Tidak ditegakkannya hukum secara maksimal dan proporsional menjadi latar tidak 
terurainya berbagai masalah anak di Indonesia. Di samping itu, akar dari 
berbagai masalah yang muncul (baik anak sebagai korban) ataupun (anak sebagai 
palaku) adalah karena banyaknya anak yang tidak dimanusiakan oleh orang dewasa 
yang sepatutnya menjadi teladan dan pembimbing bagi anak yang secara psikologis 
dalam masa perkembangan, mulai dari lingkungan komunitas terkecil (keluarga), 
sekolah, masyarakat, sampai lingkungan terbesar (negara). 

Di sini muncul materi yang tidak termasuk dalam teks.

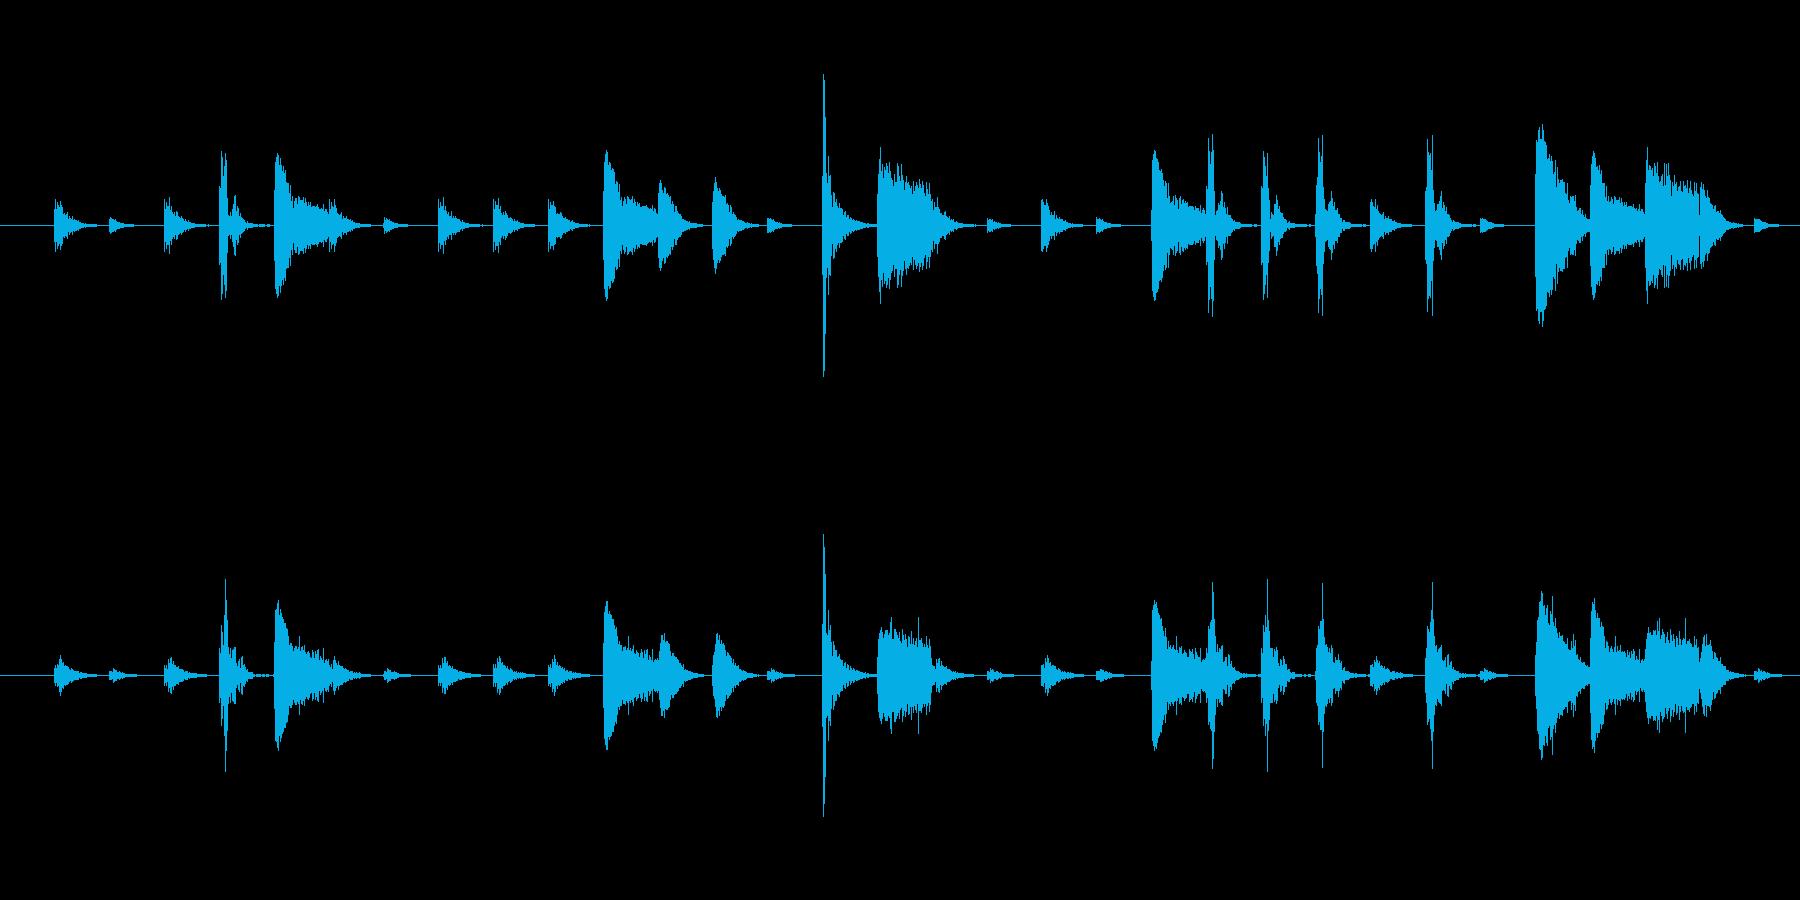 空間系リズムトラック(ドラム)の再生済みの波形

Dalam UUPA dan Konvensi Hak Anak (KHA) disebutkan bahwa anak adalah seseorang 
yang belum berusia 18 tahun. Karena memang secara psikogis anak pada hakikatnya 
adalah seseorang yang berada pada suatu fase perkembangan tertentu menuju 
dewasa dan mandiri. Karenanya, anak bukanlah sosok manusia dewasa dengan fisik 
yang masih kecil. Anak adalah anak, dengan karakteristik psikologisnya yang 
khas dalam masa tumbuh dan berkembang. 

Adanya pentahapan menunjukkan bahwa anak sebagai sosok manusia dengan 
kelengkapan-kelengkapan dasar dalam dirinya baru mencapai kematangan hidup 
melalui beberapa proses seiring dengan pertambahan usianya. 

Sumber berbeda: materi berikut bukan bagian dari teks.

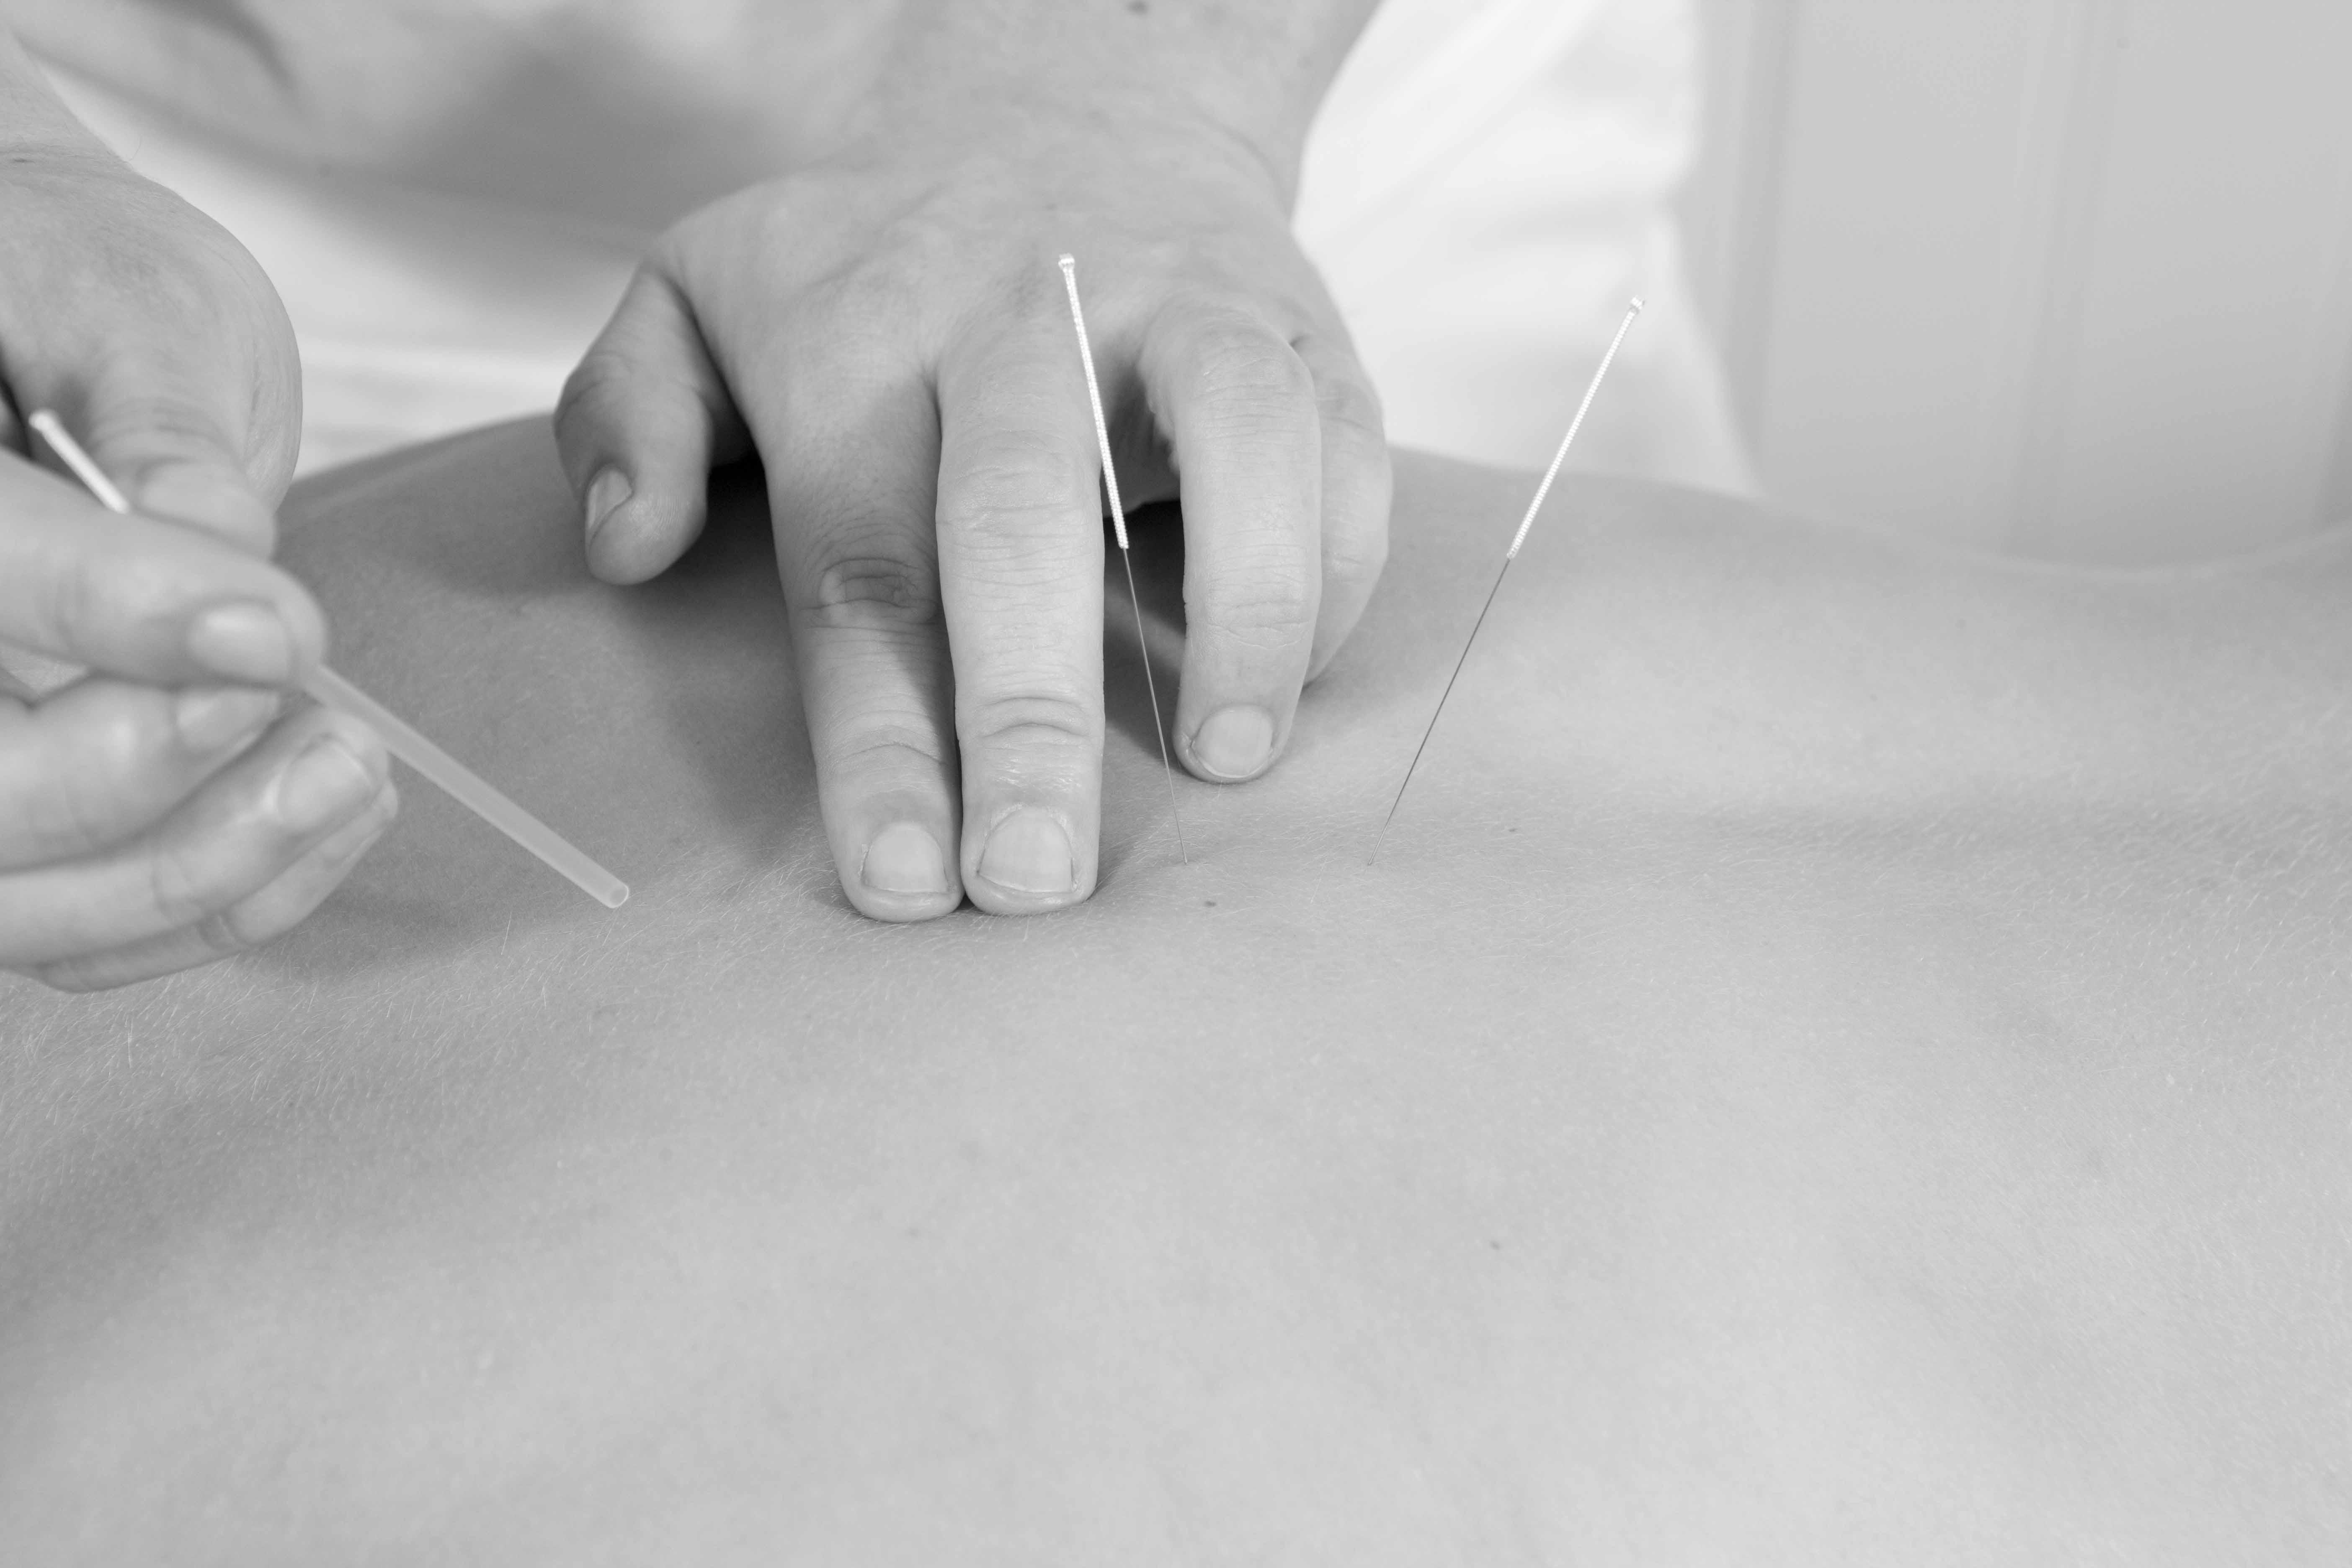 Nålebehandling behandlingsteknikker

Oleh karena itu, anak memerlukan bantuan, bimbingan dan pengarahan dan 
perlindungan dari orang dewasa (orang tua, pendidik, dan pihak lainnya). Dengan 
alasan itu pula UUPA dibuat untuk melindungi anak Indonesia. 

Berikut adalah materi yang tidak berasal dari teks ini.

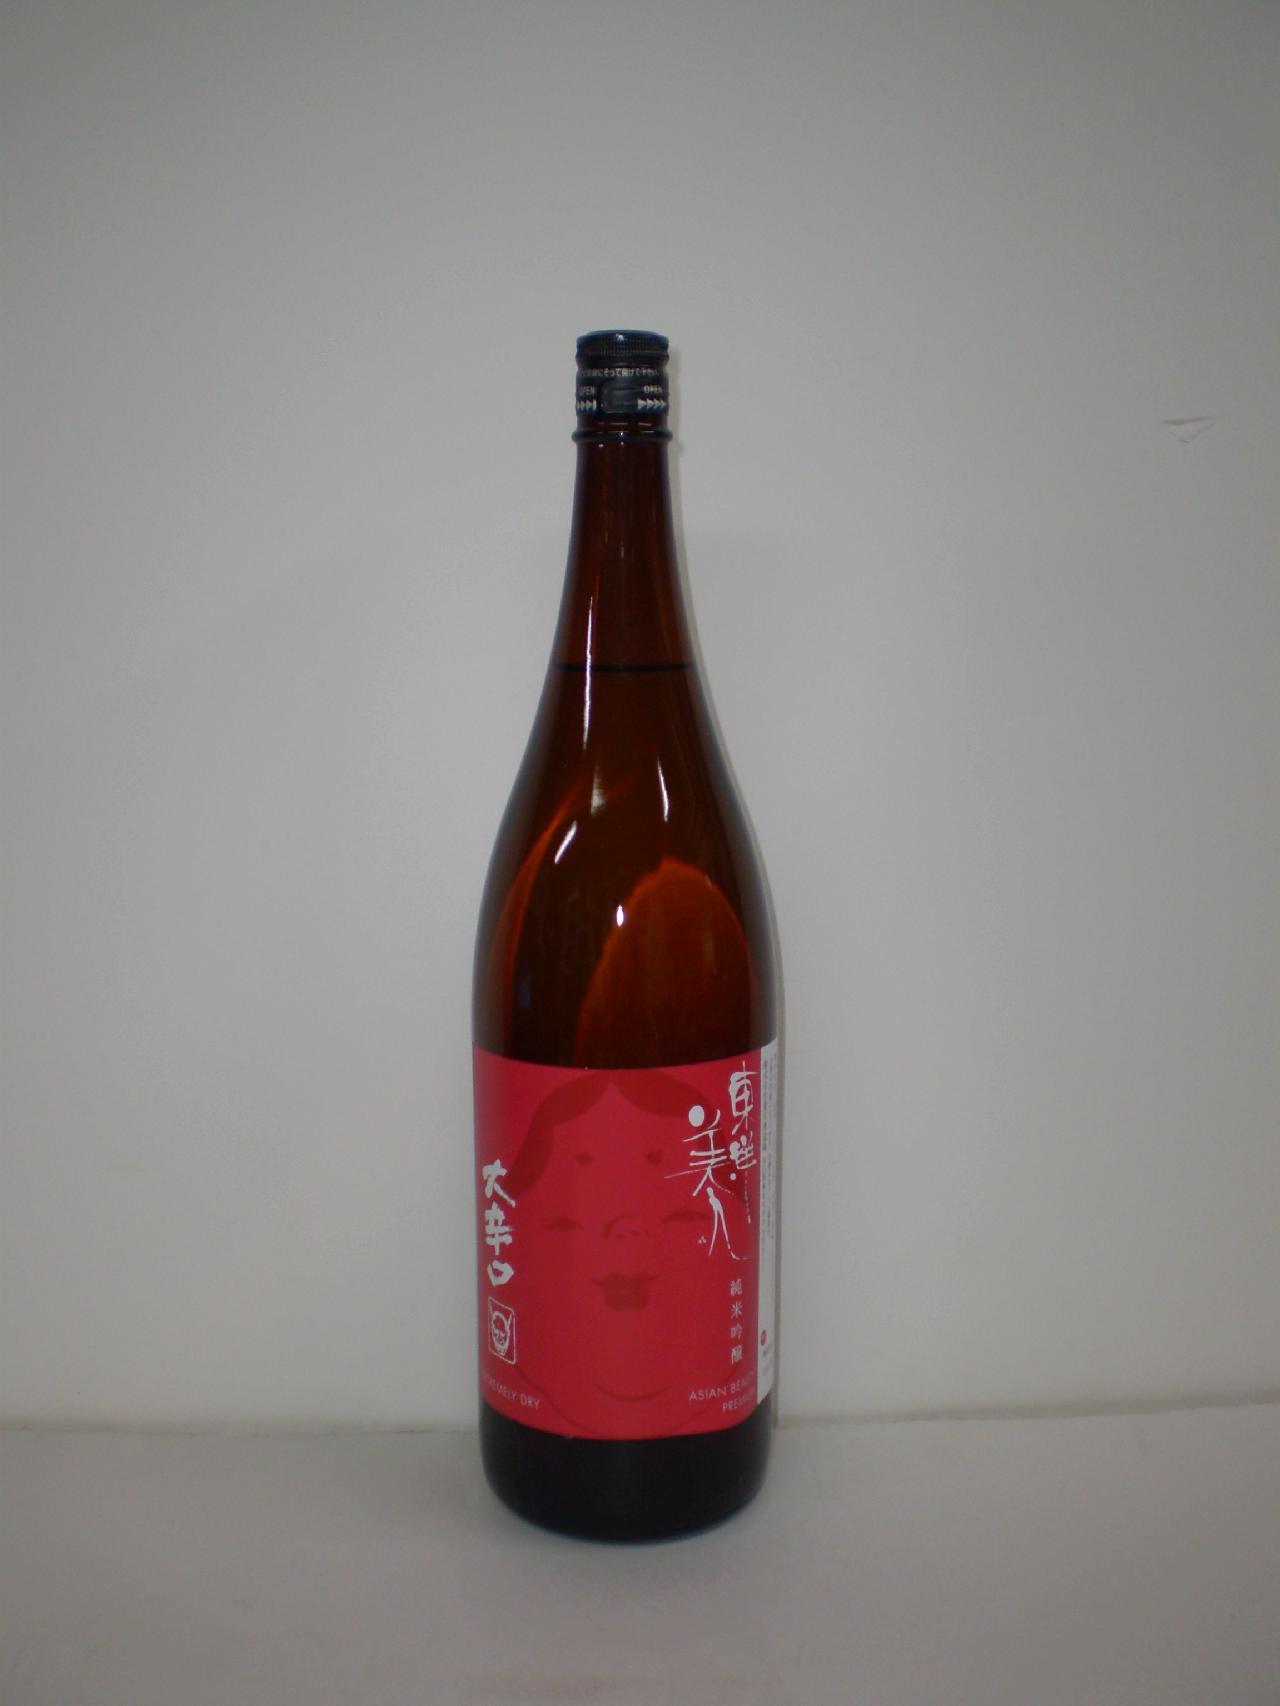 東洋美人 大辛口 純米吟醸 1800ml 澄川酒造場

Karakteristik yang dimiliki anak sangat penting untuk diketahui dan dipahami, 
agar anak dapat dididik, dibimbing dan dilindungi sesuai dengan keberadaannya 
yang khas dan unik. Beberapa karakter yang khas melekat pada umunya anak 
adalah: banyak bergerak, suka meniru, suka menentang, belum dapat membedakan 
yang benar dan salah, banyak bertanya, memiliki ingatan yang tajam dan 
otomatis, menyukai dorongan semangat, suka bermain dan bergembira, suka 
bersaing, berpikir khayal, perkembangan bahasanya cepat, berperasaan tajam, dan 
belum ajeg dalam pendirian. 

Belum lagi perbedaan latar belakang sosial, ekonomi, budaya, pendidikan dan 
berbagai latar keluarga dan orang tua akan turut berperan dalam pembentukan 
karakter anak secara individual. 

Tindak kekerasan dan penelantaran terhadap anak berdampak buruk bagi tumbuh dan 
kembang mereka secara optimal serta akan menyebabkan anak memiliki 
masalah-masalah dalam tahapan perkembangnya di masa dewasa. Harus dipahami oleh 
orang dewasa (orangtua, pendidik, penegak hukum dan pihak lainnya) bahwa 
kekerasan dan penelantaran pada anak akan menimbulkan dampak kerusakan secara 
fisik, emosional dan traumatis, seperti dampak kesehatan secara umum (luka 
fisik hingga cacat), mengalami kesulitan belajar, konsep diri yang buruk, 
rendah diri, tidak memiliki kepercayaan pada orang lain, dan menutup diri. 

Bahkan kekerasan pada anak dapat menyebabkan anak bertingkah laku agresif, atau 
depresi, tidak mampu bersosialisasi dengan baik dengan lingkungannya, 
memunculkan tingkah laku bermasalah dan menggunakan obat-obatan terlarang, 
bertingkah laku menyakiti diri sendiri hingga bunuh diri. Anak korban kekerasan 
juga cenderung akan menjadi pelaku kekerasan setelah mereka dewasa.